Please print exactly the lines from the line containing "永州市鑫东森机械装备有限公司网站案例" through the end of the data, no more, and keep pictures out of the copy.

INFORMATION SHOWN:
########################################
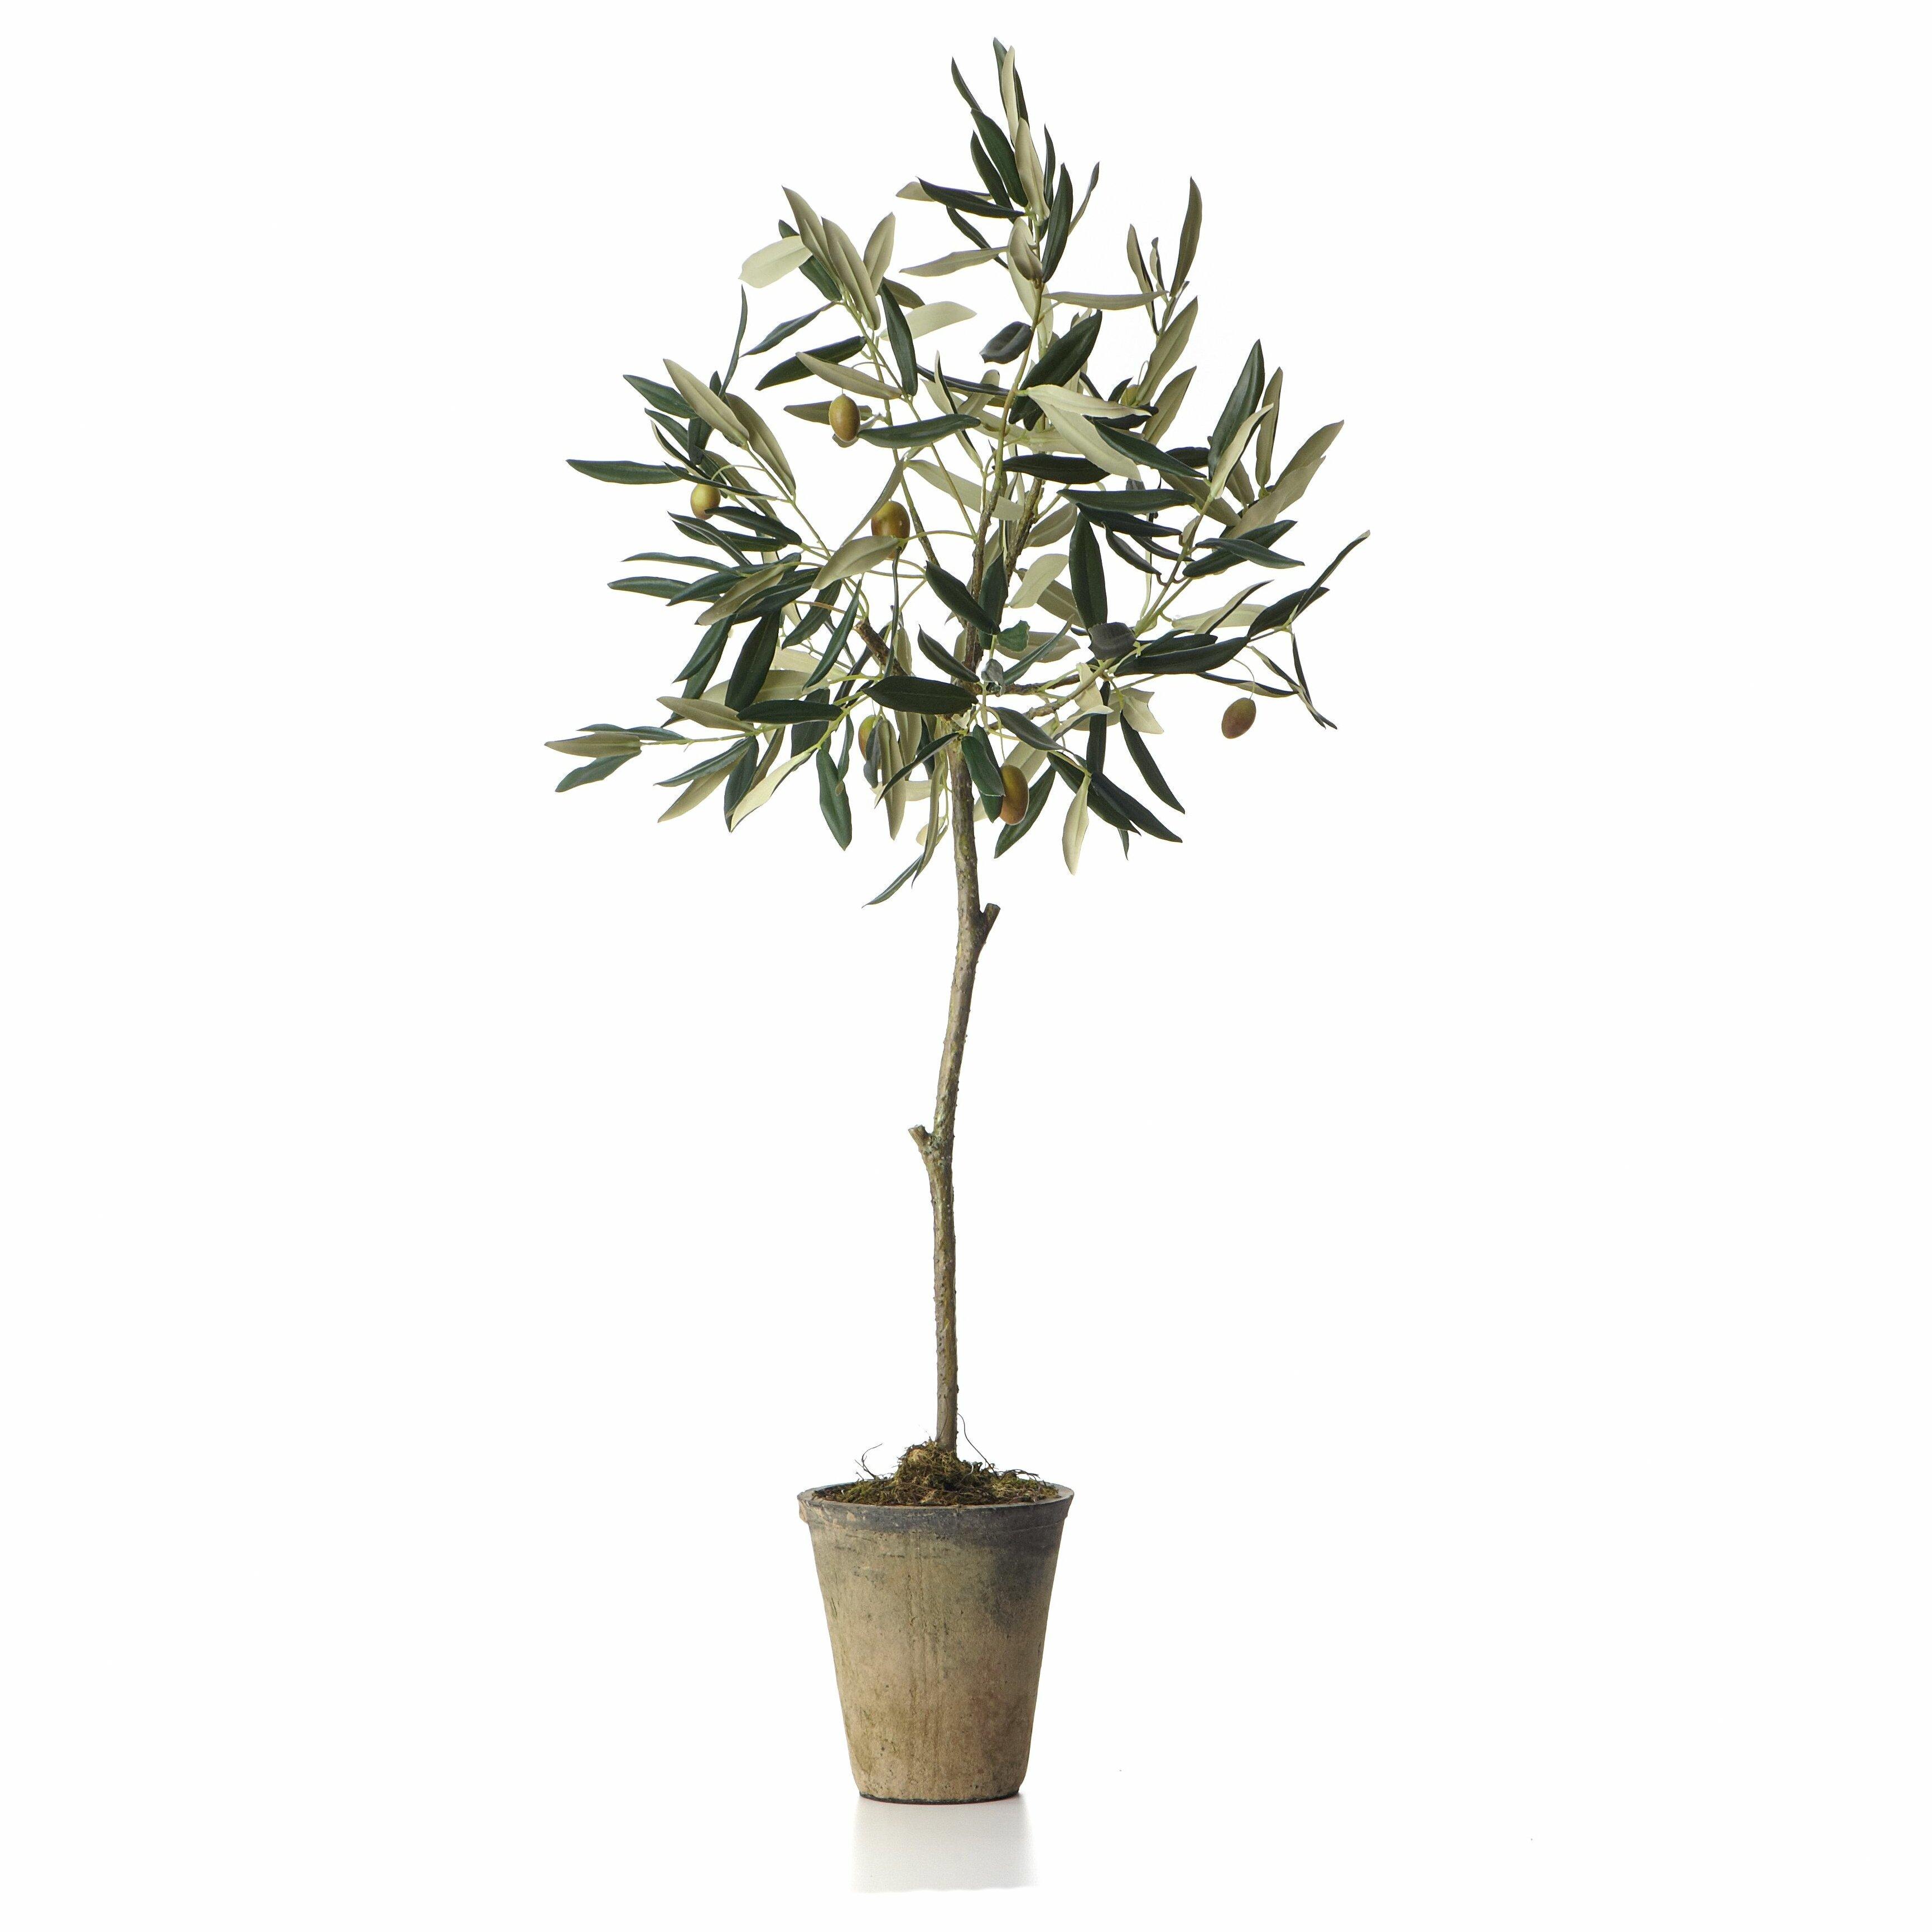 sage co potted olive tree in pot reviews wayfair. Black Bedroom Furniture Sets. Home Design Ideas
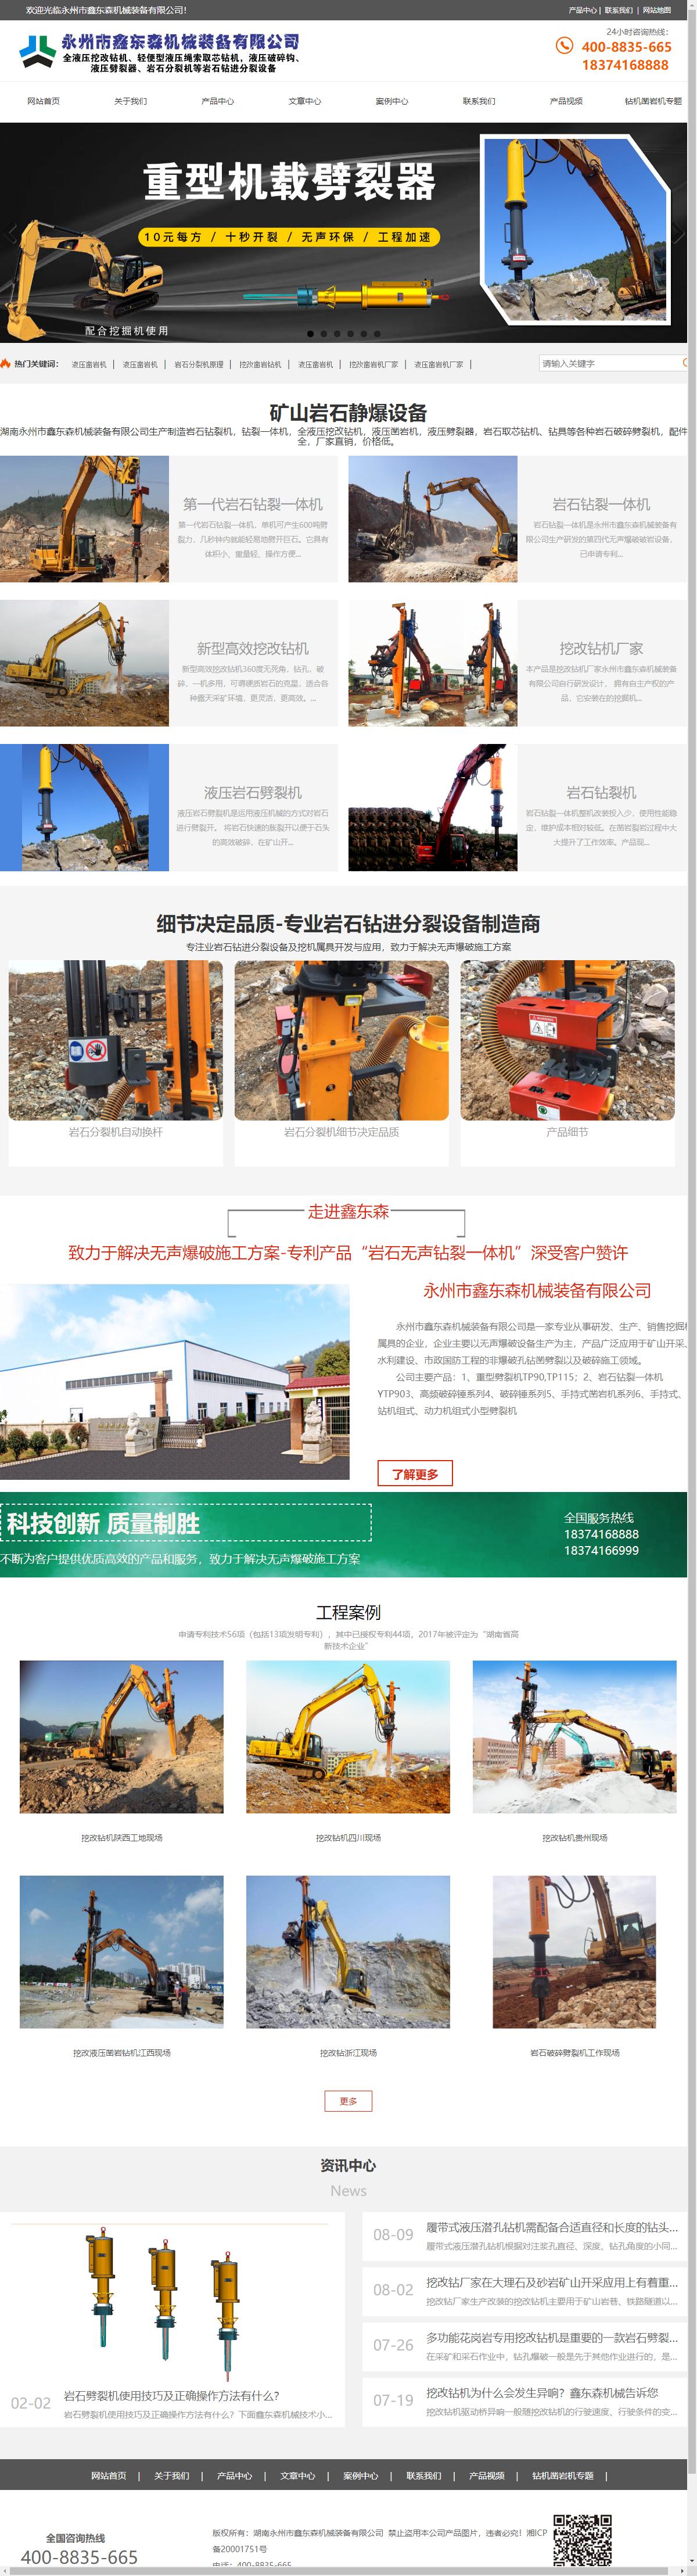 永州市鑫东森机械装备有限公司网站案例
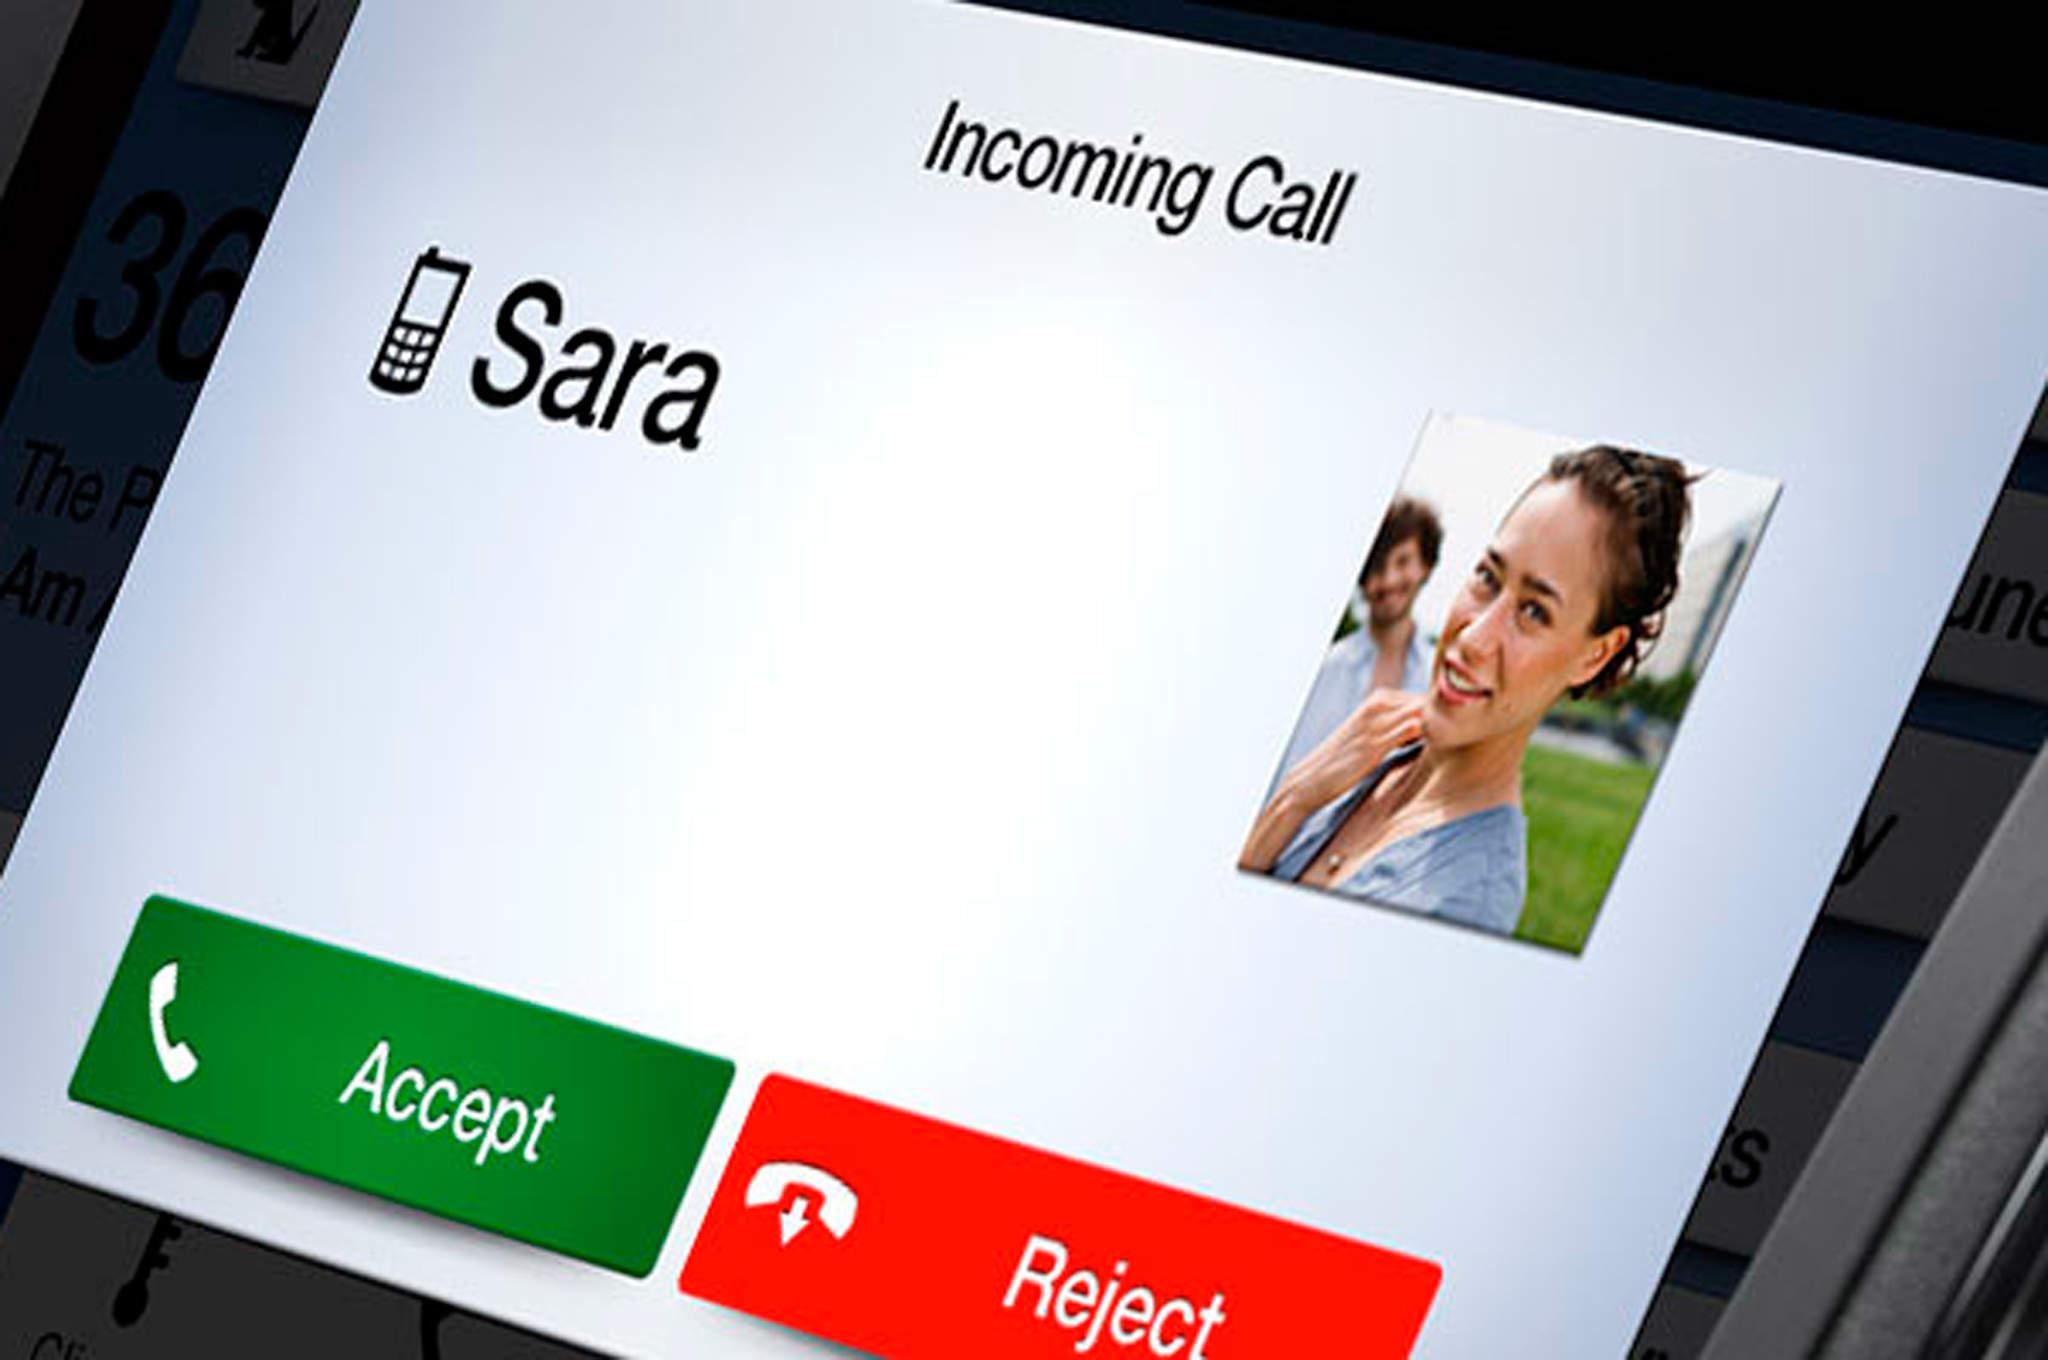 Você já pensou em atender todas as chamadas da sua empresa em 2016?
########################################
ANSWER AREA:
 永州市鑫东森机械装备有限公司网站案例
 Você já pensou em atender todas as chamadas da sua empresa em 2016?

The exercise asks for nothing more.